Она на минуту представила вместе дочь — бледную, худую, замученную работой, учебой, невзгодами — и красивого, крупного, всегда щеголеватого Алексея Ивановича, и все, что она слышала сейчас, показалось ей таким нелепым, таким смешным, что слабая улыбка пробилась сквозь испуг и чуть тронула ее губы.
— Подождите смеяться, как бы потом не заплакать, — резанула Алевтина Павловна. — Вы, конечно, не верите?.. Так вот, знайте — люди их видели.
— Где видели? — вновь слабея от страха, спросила Зоя Тихоновна. Почему-то у нее выговорилось «где», хотя спросить она хотела другое — «что видели». — Где ж их видели люди?
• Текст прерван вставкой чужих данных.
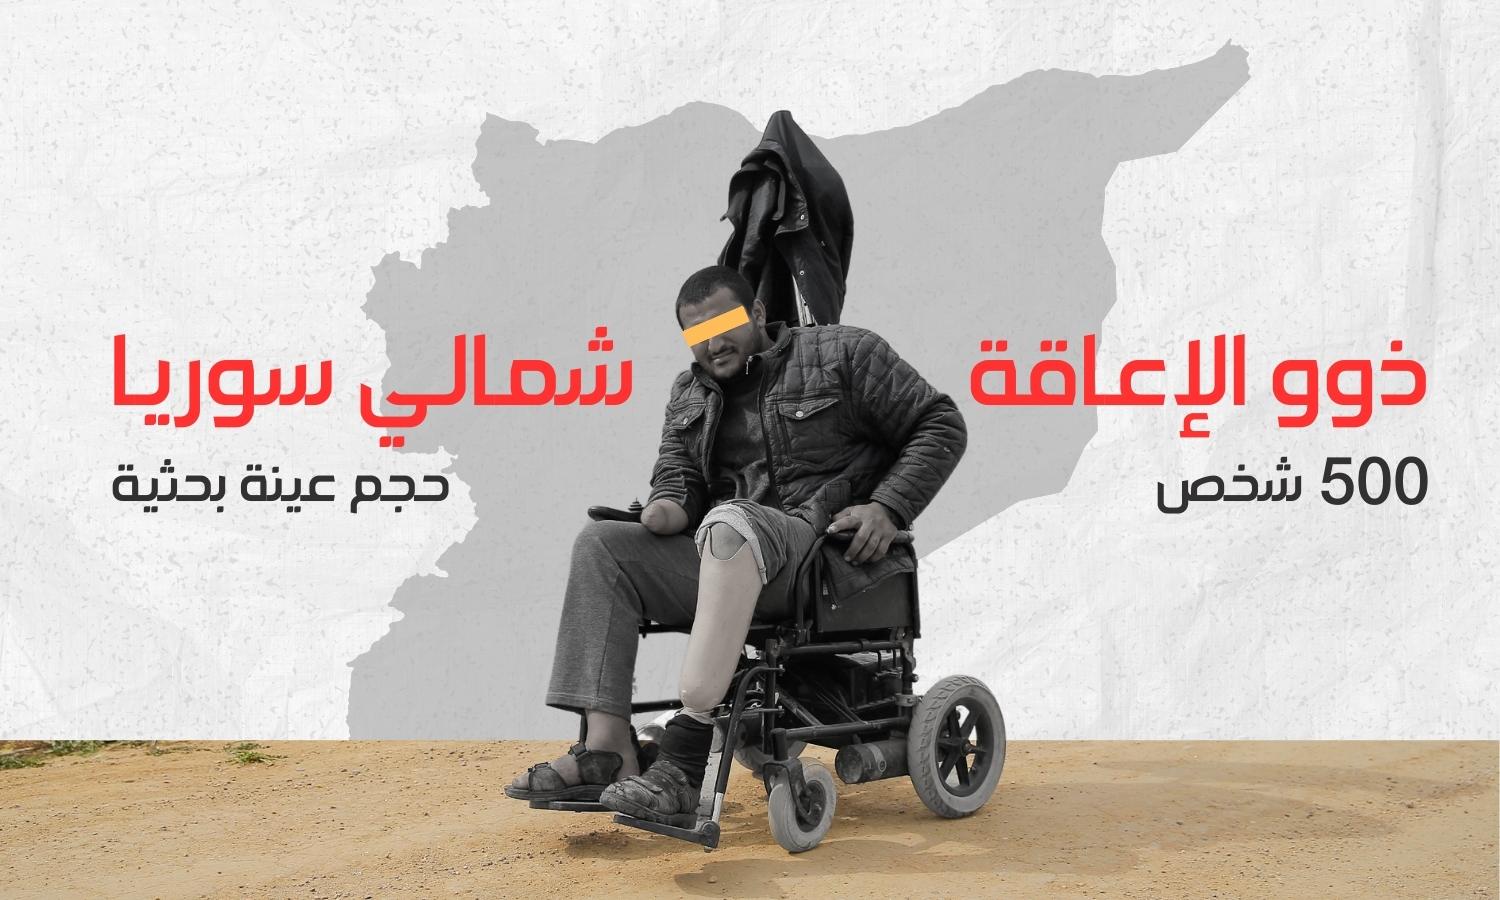 ذوو الإعاقة شمالي سوريا

— Видели их на Московской.
«Московской» когда-то называлась главная улица этого зеленого городка, прославленного красотами природы, памятниками древнего зодчества, а также именем знаменитого писателя, когда-то здесь жившего. Теперь Московская называлась «Проспект Ленина». На проспекте были расположены все магазины, почта, автобусная станция, аптека и поликлиника, по нему проходил весь транспорт.
Зоя Тихоновна, успокоенная тем, что дело происходило в таком людном и шумном месте, старалась незаметно вздохнуть поглубже, чтобы унять сердцебиение.
— Нет-нет, вы слушайте. В понедельник утром ваша дочь шла к автобусу, а мой зять как раз поехал в Москву. Она его увидела и — представьте! — вдруг рукой ему замахала, так, запросто, как своему какому-нибудь приятелю. А он сразу же останавливается. А она бежит к нему и еще кричит на всю улицу: «С добрым утром!» А он ей даже дверцу открыл, подумайте только — и ждет! А она садится как ни в чем не бывало. И уезжают вдвоем…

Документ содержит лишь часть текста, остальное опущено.